Join us now

Luxchat Privacy Policy

Vous trouverez ci-dessous la notice d’information pour les traitements de données à caractère personnel opérés dans le cadre de l’utilisation de l’application Luxchat grand public et entreprises sur le serveur
LU-CIX GIE.

Notice d’information pour les traitements de données à caractère personnel opérés dans le cadre de l’utilisation de l’application Luxchat grand public et entreprises

La présente notice d’information (ci-après « Notice d’Information »), émise par LU-CIX Management G.I.E. (ci-après dénommé « LU-CIX GIE ») en sa qualité de responsable du traitement, a pour objectif d’informer les utilisateurs de l’application Luxchat grand public et entreprises (ci-après dénommée « Luxchat ») sur le traitement des données à caractère personnel conformément au Règlement Général sur la Protection des données (UE) 2016/679 (ci-après “RGPD“).

Table des matières

  1. L’application Luxchat
  2. Coordonnées du prestataire et de son délégué à la protection des données
  3. La base de licéité du traitement
  4. Les catégories de données traitées (« vos données »)
  5. Les finalités des traitements
  6. La durée de conservation de vos données
  7. Les destinataires de vos données
  8. Le transfert de vos données vers un pays tiers
  9. Vos droits
  10. Réclamation auprès de la Commission Nationale pour la Protection des Données (CNPD

 

  1. L’application Luxchat

Luxchat est une application de messagerie instantanée proposée par plusieurs prestataires luxembourgeois.

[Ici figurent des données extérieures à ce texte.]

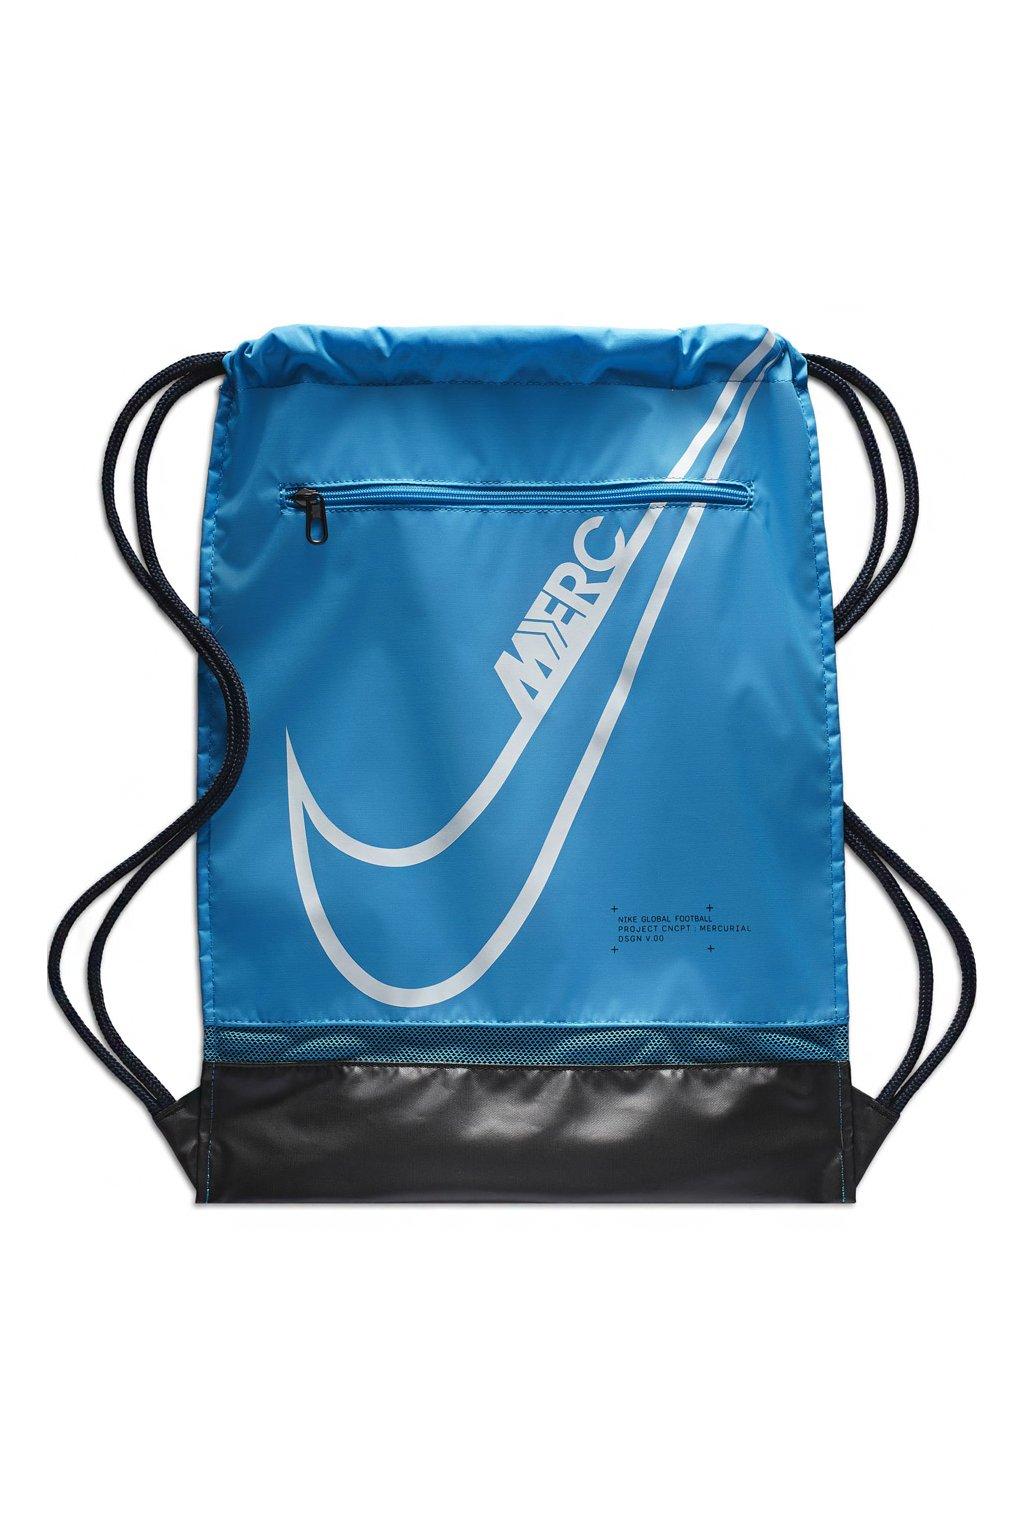 Vak na obuv Nike Mercurial GMSK modrý BA6108 486
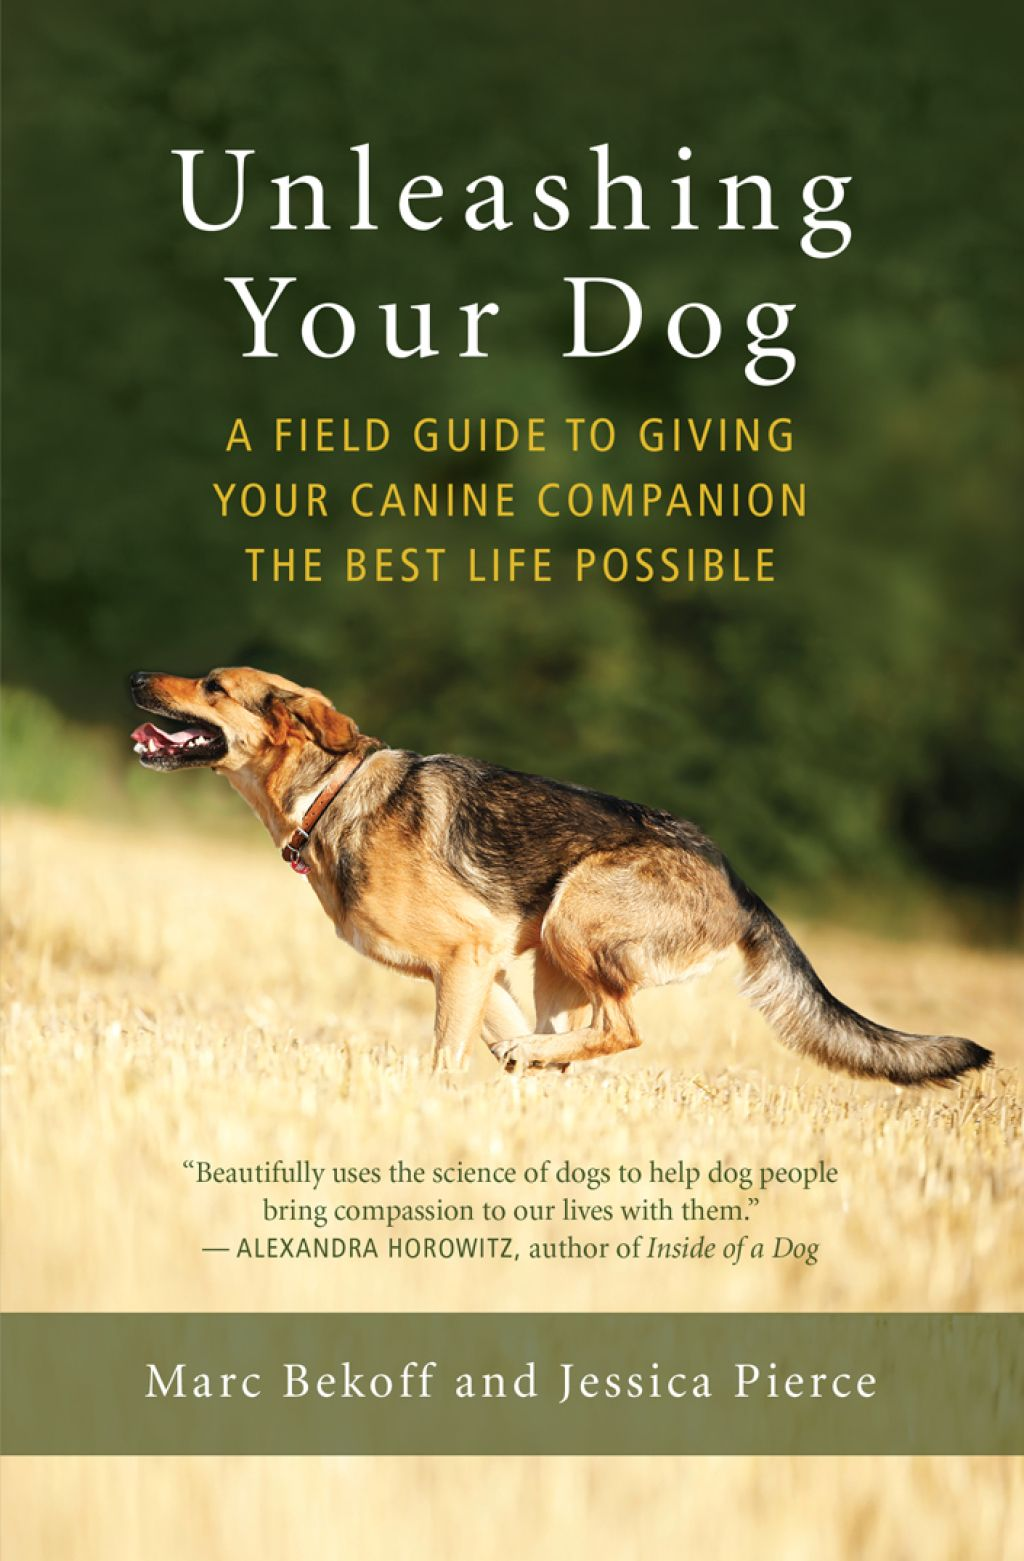 Unleashing Your Dog Ebook Aggressive Dog Dog Behavior Dog Lovers

L’objectif de Luxchat est de proposer une messagerie instantanée sécurisée hébergée et opérée par plusieurs prestataires au Luxembourg, qui repose sur le protocole Matrix (https://matrix.org/). Toutes les communications transmises sont chiffrées de bout en bout afin que ni le prestataire, ni aucun tiers ne puissent accéder au contenu.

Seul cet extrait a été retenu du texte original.